In II Samuel 12 Nathan the prophet confronts King David with his sins. How did Nathan rebuke the King of Israel?

  • Sent by God: God will not appear to us, but He does "talk" to us through His word. He will not give us a specific name, but He urges us to be aware of sinful behavior of our brothers and sisters (Galatians 6:1).
  • Told a story: Like Jesus used parables, Nathan told a story to help David see wrong. It is not wise to hit someone over the head with their sin. Nathan told the story of injustice he knew David would recognize. Jesus used stories and questions with the Pharisees to make His point (Luke 18). Then Nathan …
  • Called out the sin: He did not apologize or try to sugar-coat it yet spoke the truth according to God's word. Nathan did not say, "I think …," or give his opinion. The only truth we should be concerned with is God's (Psalms 119:160).
  • Pointed out God's blessings: Nathan reminded David of all the blessings God have bestowed on the King. God loves all, has mercy on all, and shows justice to all. His gifts are not reserved for a select few. Before we can appreciate God's forgiveness, we need to recognize His blessings (Philippians 4:19).
  • Offered reassurance of God's forgiveness: We don't have to doubt God's total and everlasting forgiveness (I John 1:9) however …
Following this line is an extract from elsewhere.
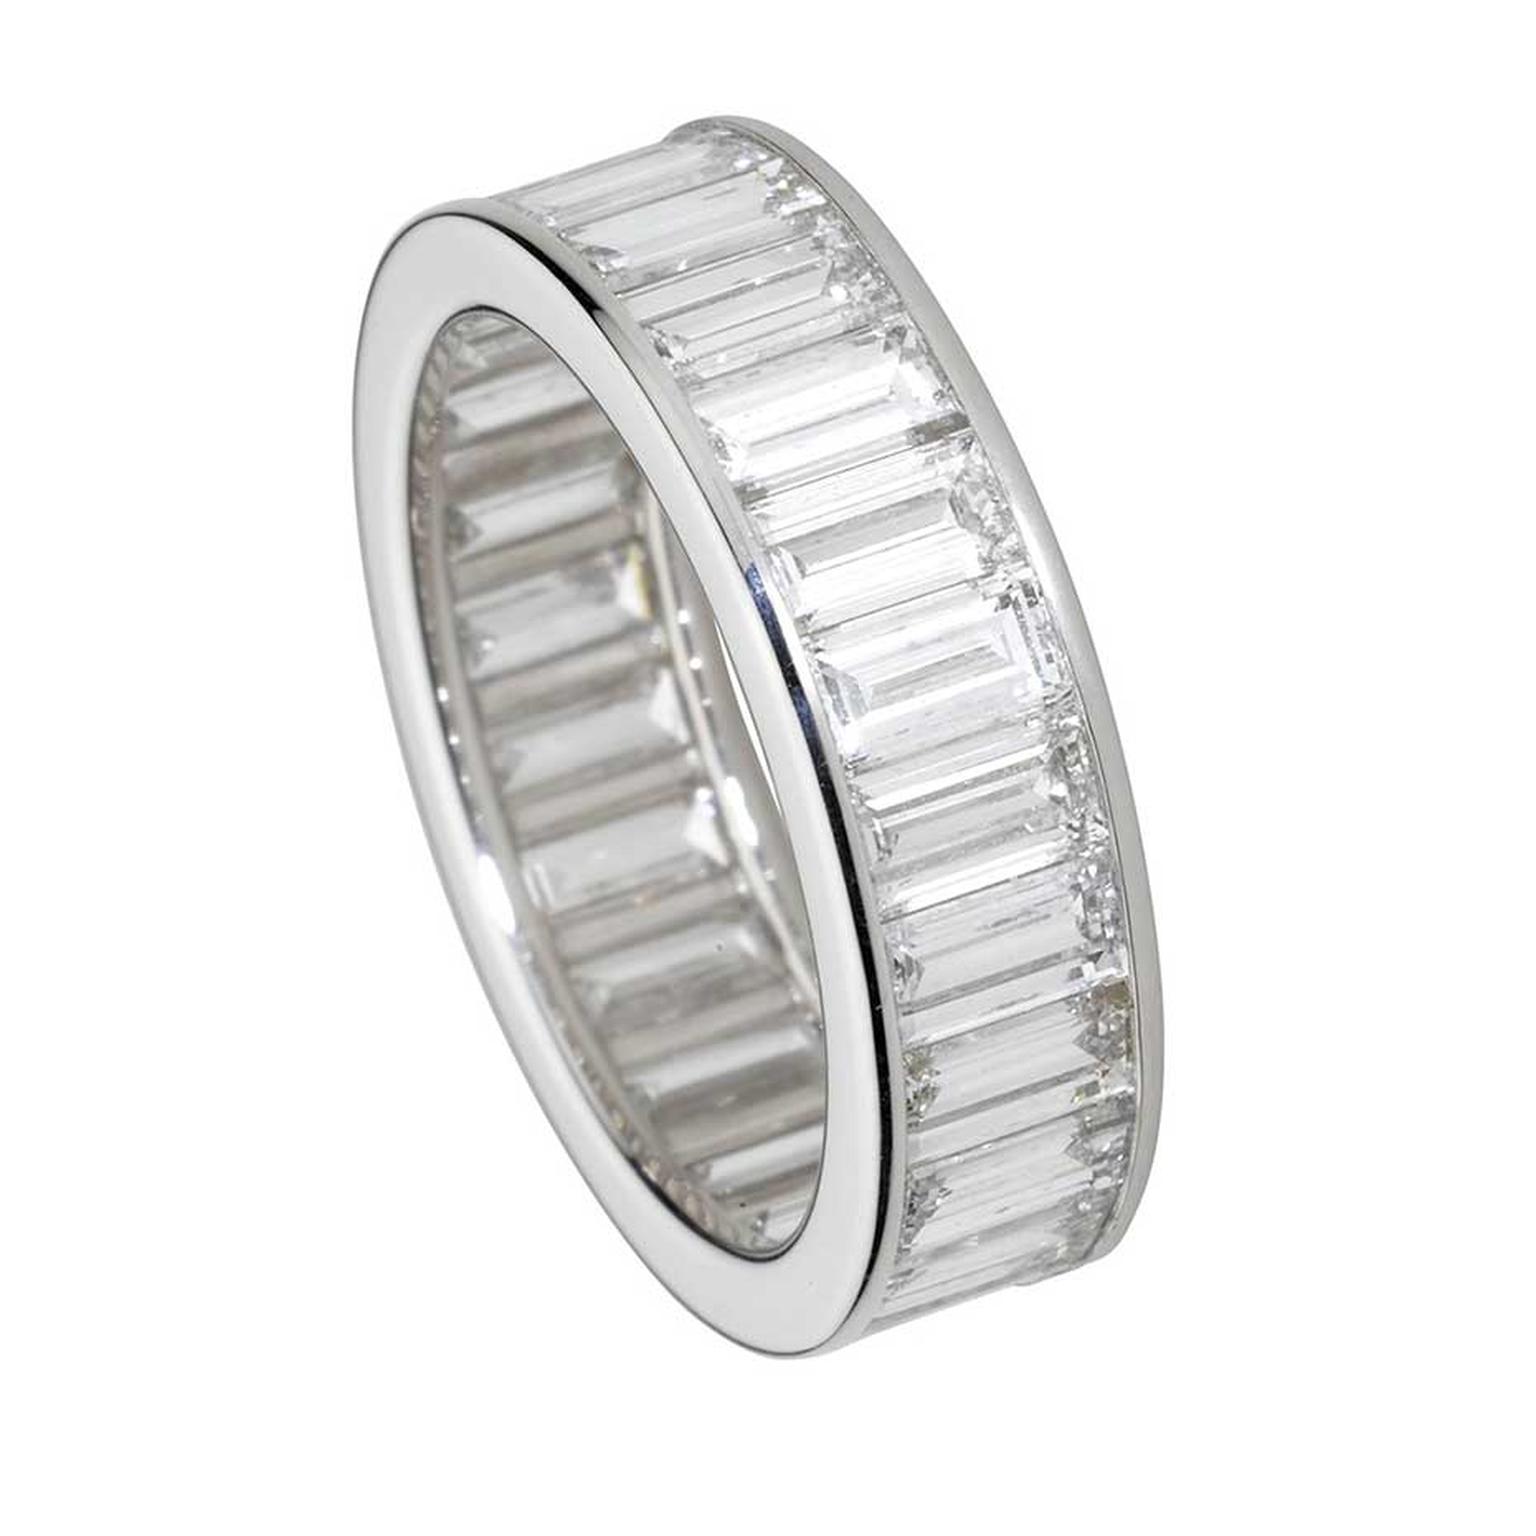 Cartier eternity ring in platinum, set

  • Warned of sin's consequences: David would still suffer consequences that sin brings. Some consequences are immediate and short-lived while others can be life-long and life-altering. Once we have confessed and received God's forgiveness, we should find good in our consequences. Nathan did not minimize the results of David's sin. (Galatians 6:7).
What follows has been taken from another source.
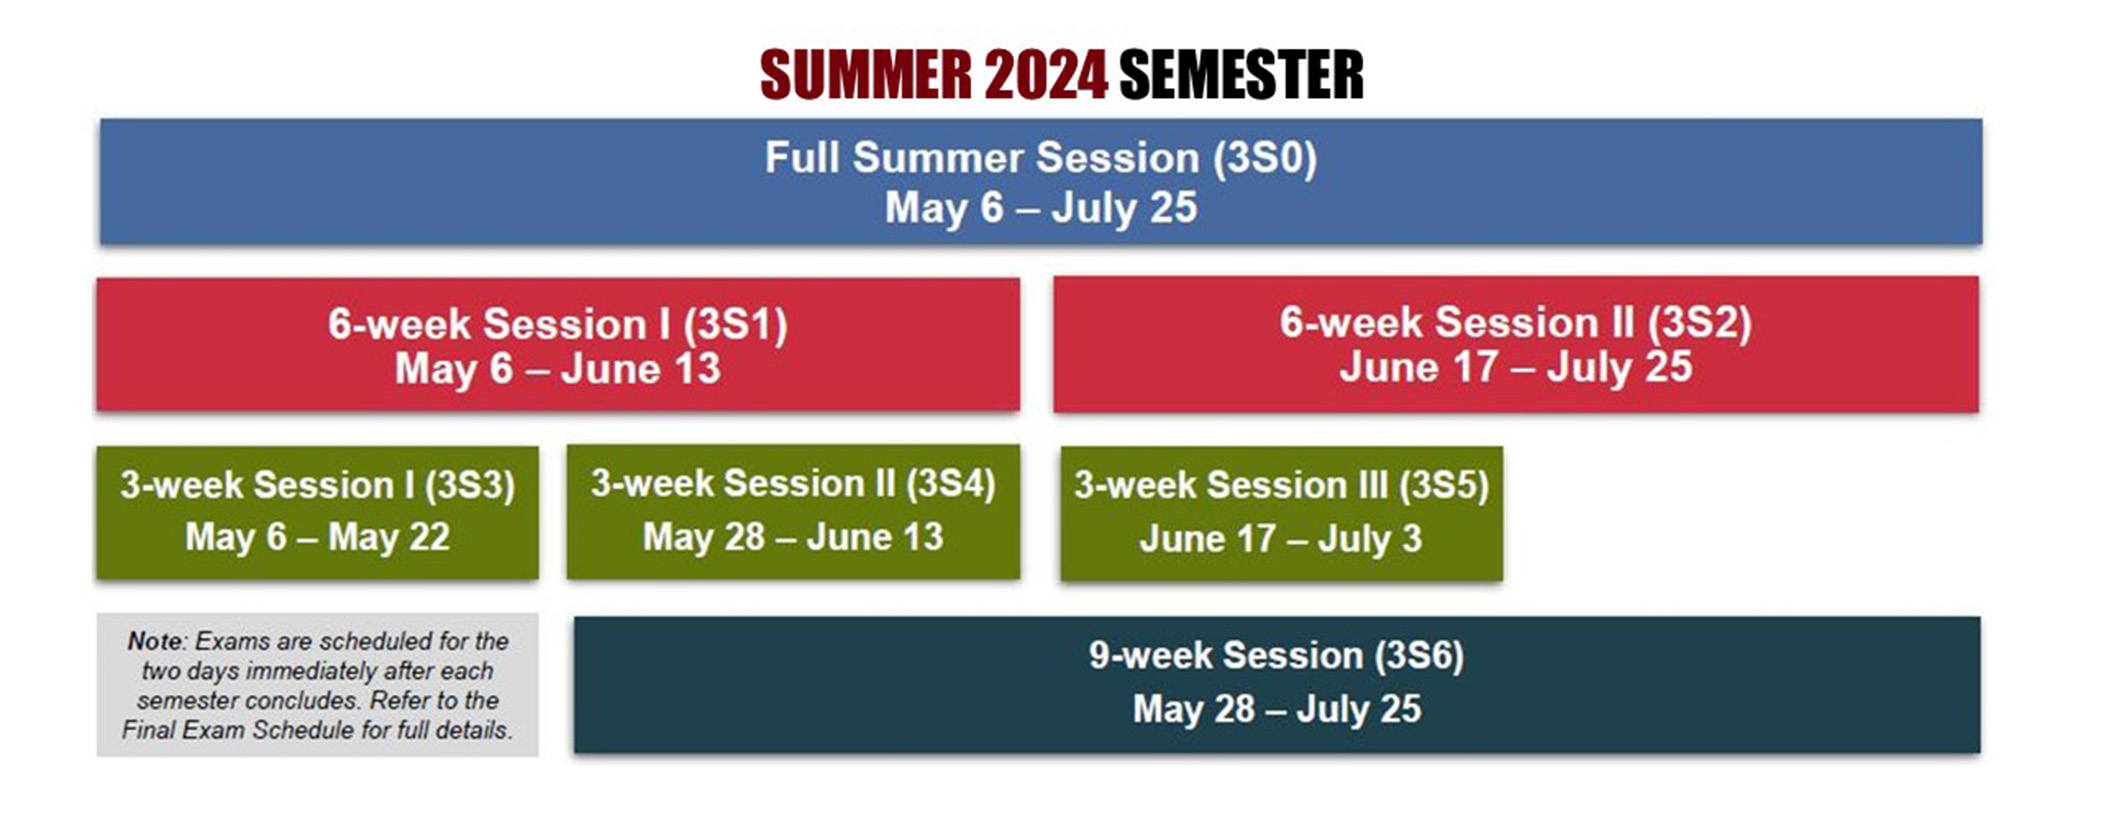 Summer 2024 Schedule University Registrar University of South Carolina

  • Nathan left: After David repented Nathan did not "hang around" to take joy in David's suffering or remind him of his poor choices (Psalms 51:10).

God instructs us to, "reprove and rebuke," (II Timothy 4:2). It is not something we enjoy and may even run from because of our discomfort. However, a precious soul is involved, and it is our responsibility. But how? Look to Nathan and how he rebuked David the King (II Samuel 14).